Tuesday, December 11, 2012

Paths to the Inexplicable

Current scientific cosmology tells us that as we go back in time we lose organization, we lose complexity, space shrinks and eventually we come to something called a singularity, which is next to nothing.  In this view, more arises from less; the logical conclusion of more arising from less is that something arises from nothing.  That something can arise from a nothing, however, is inexplicable.

Western religious cosmology tells us that for all eternity there is a “More,” a God or Absolute, and at some point in eternity, this More gives rise to lesser creatures like us.  The presence of  this superabundant being from the git-go is inexplicable.

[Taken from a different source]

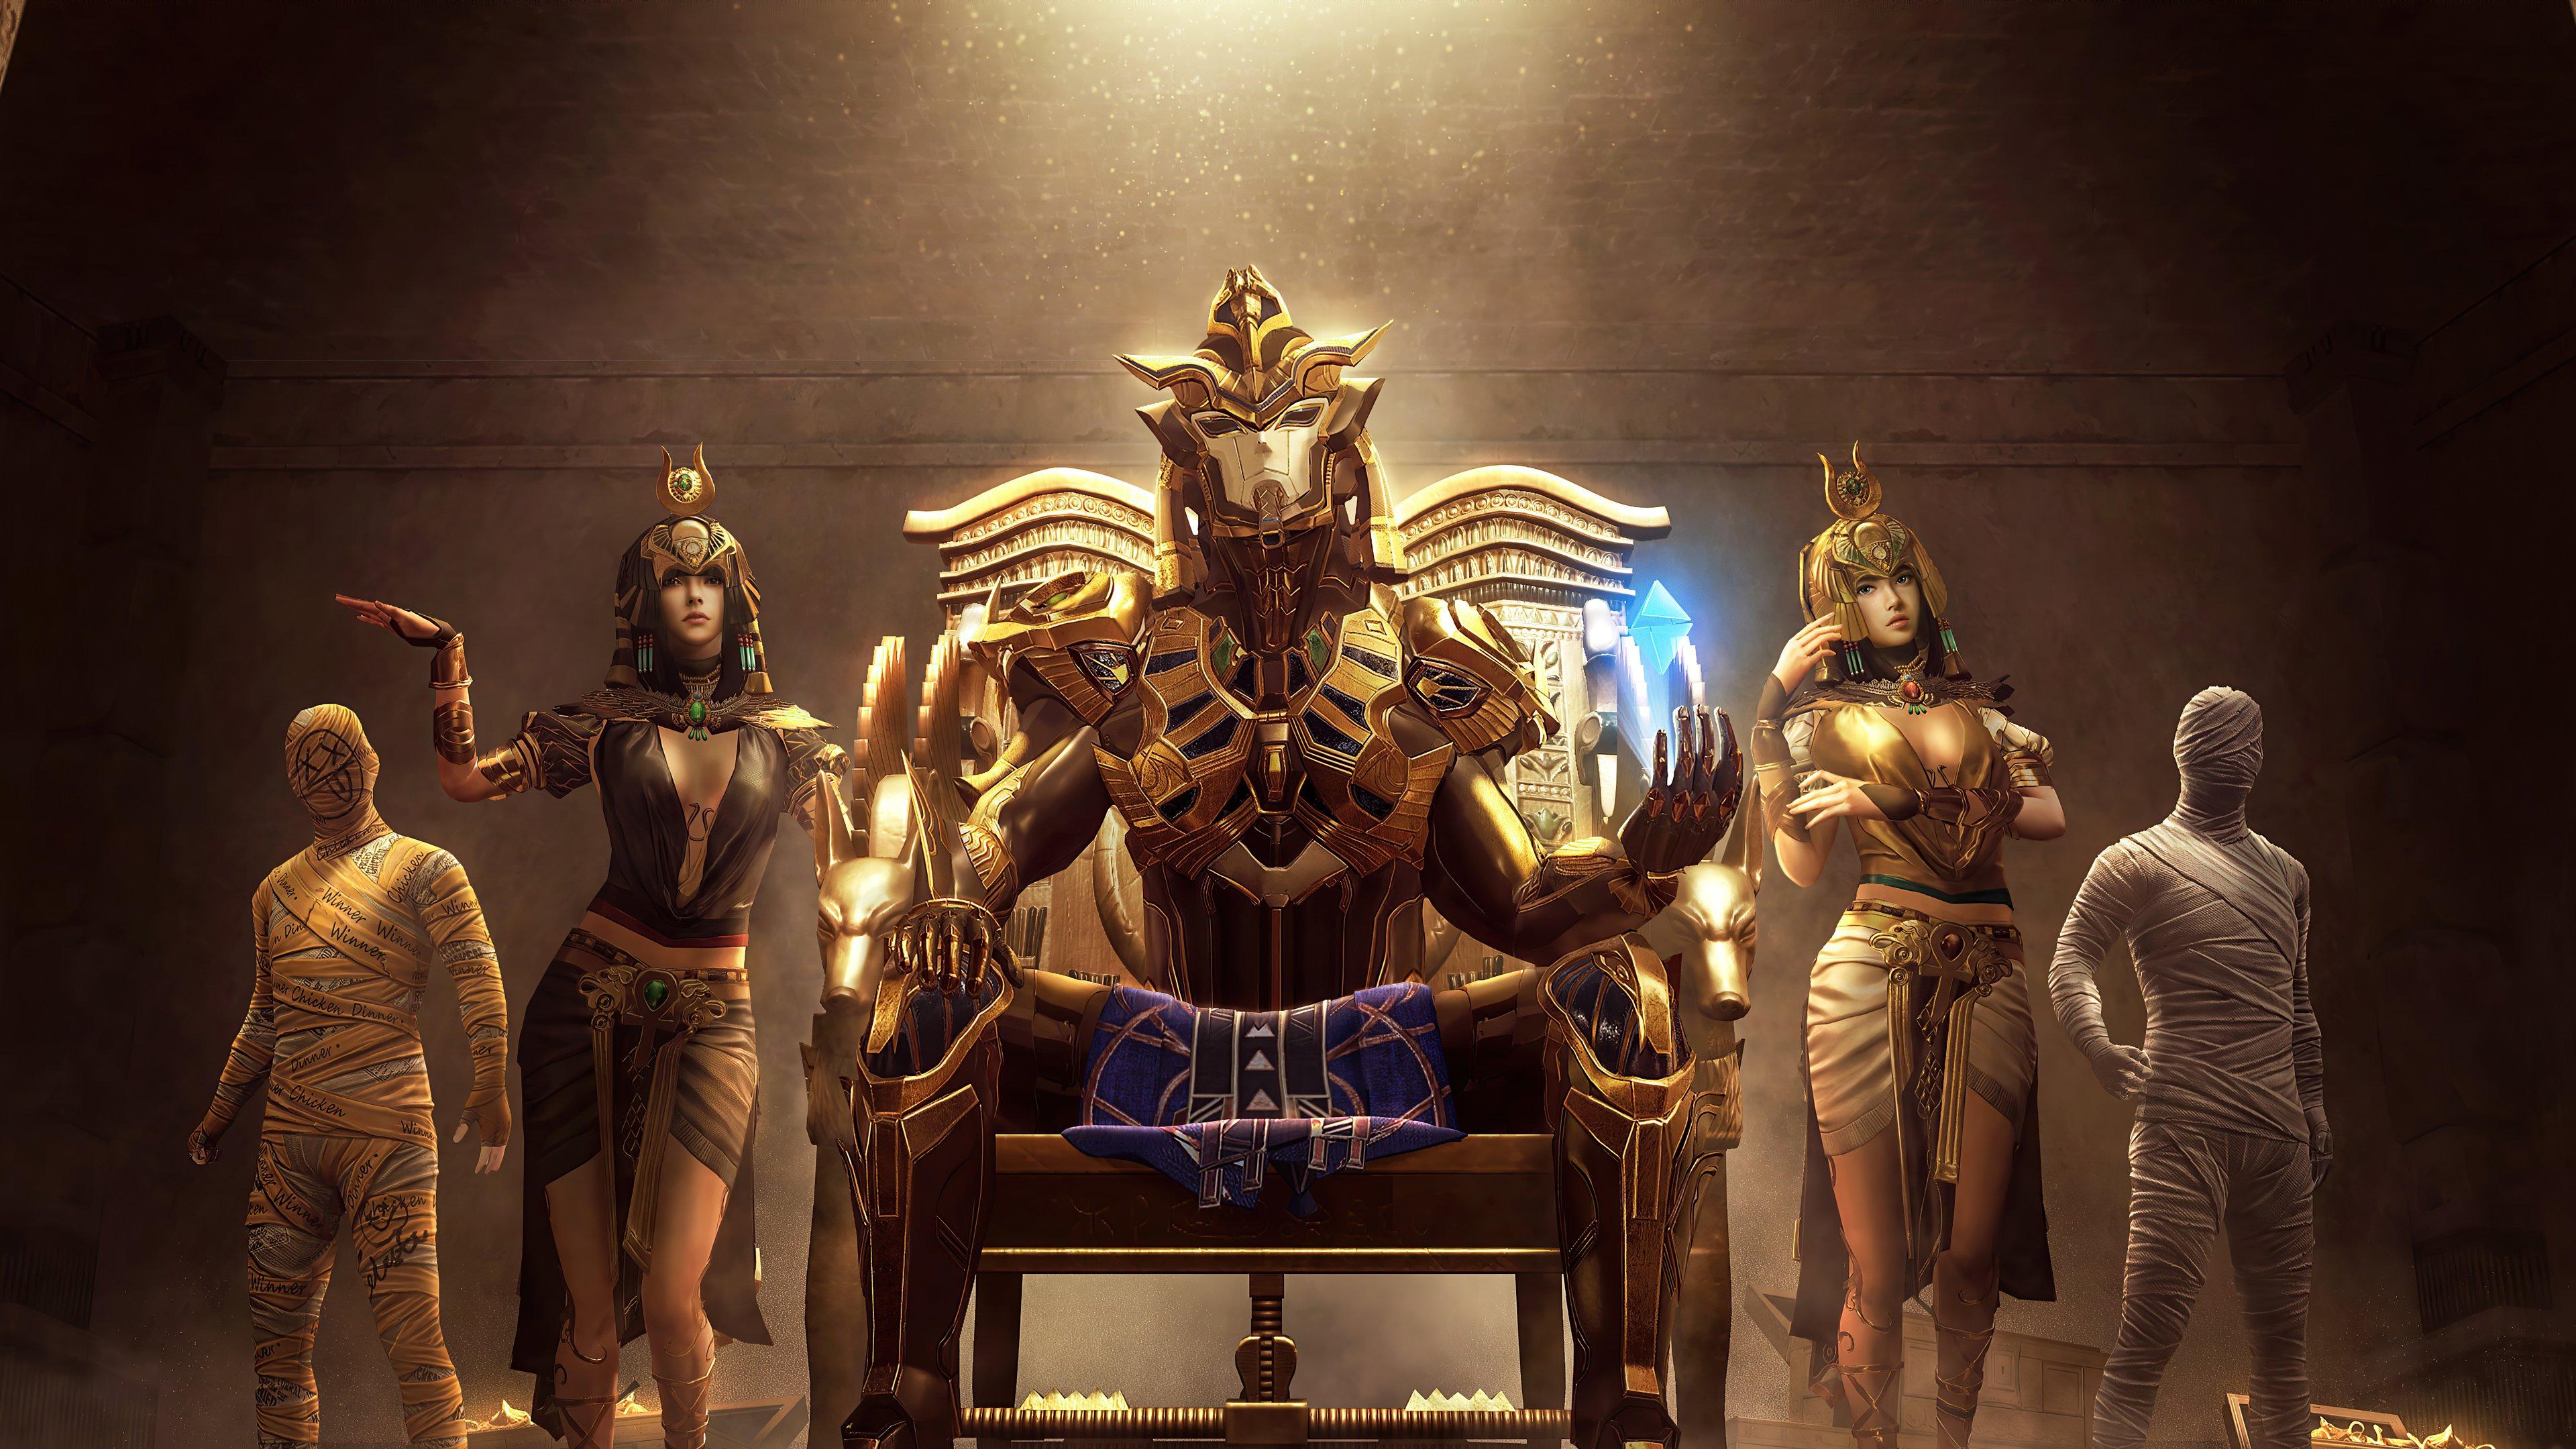 Fondos de pantalla Faraón dorado de PUBG

Thus, both scientific and religious cosmologies lead us back to the inexplicable.

Can any reasonable cosmology escape the inexplicable?  I don’t think so. But there is an interesting middle ground between the view of Western Science and Western Religion on this topic.  If we are to escape the inexplicable at the base of getting more from less, than we have to posit an eternal something.  (Here eternal can mean either an endless sequence of time or that which exists outside of, and gives rise to, time.)  But that eternal something does not have to be “a More.”   It could be the simplest something capable of giving rise to more.  It could be merely the potential for being – a potential that inevitably become actualized.   This is the nature of Lao Tze’s Tao.

Western theology posits its deity as grand and splendid.  Its predominant analogy is with the earthly King or Emperor.  Its focus is power.  The Jews sought power but were constantly under the feet of conquering forces.  The Christians aligned with the Roman Emperor and became themselves imperial.  Islam created its own empire by force.  (The best way to beat the devil, it seems, is to become the devil.)

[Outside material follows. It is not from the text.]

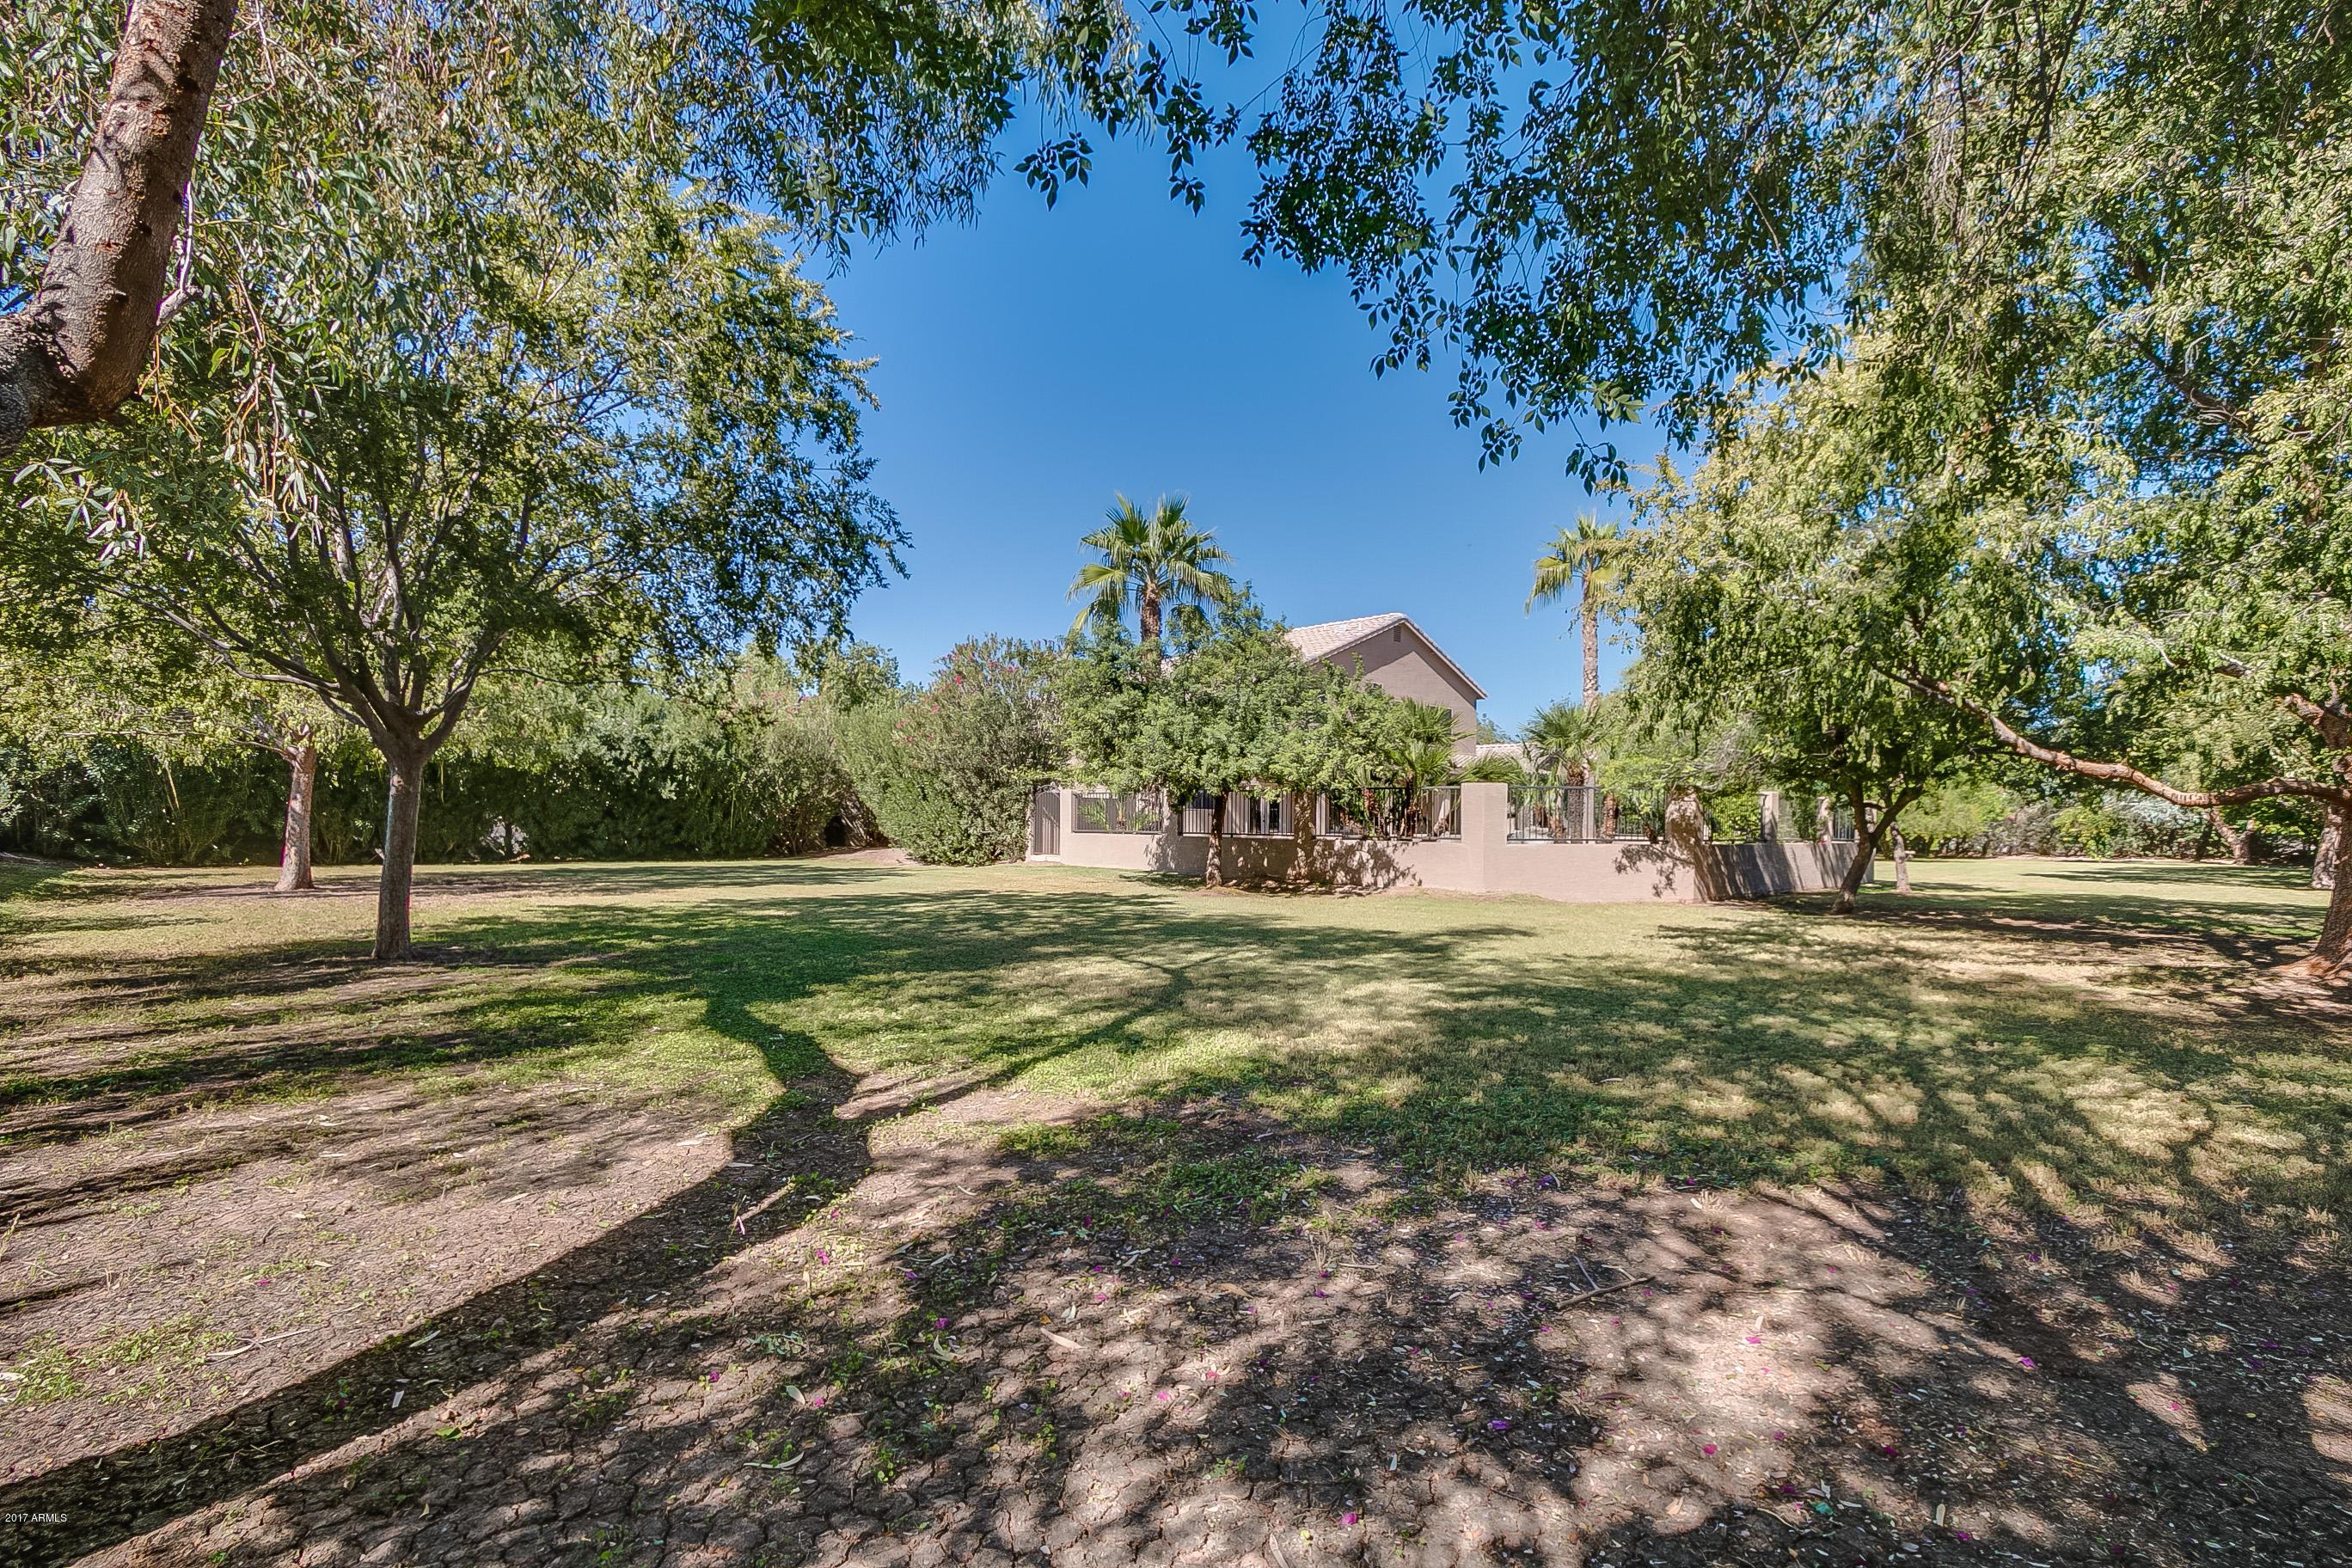 207 S Equestrian  Court Gilbert, AZ 85296 - img7

Old Lao Tze had seen enough of empire to think it the opposite of the divine.  For Lao, the divine was the lowest and the humblest.  It was the soil into which the seed could be planted and the water which brought the plant forth.  In this cosmology, the eternally Less “gives” rise to ephemerally More.  But the Giver and the Given are a two that is also One; even less than one, perhaps, but never quite a None.  Inexplicable still, yet humanely so.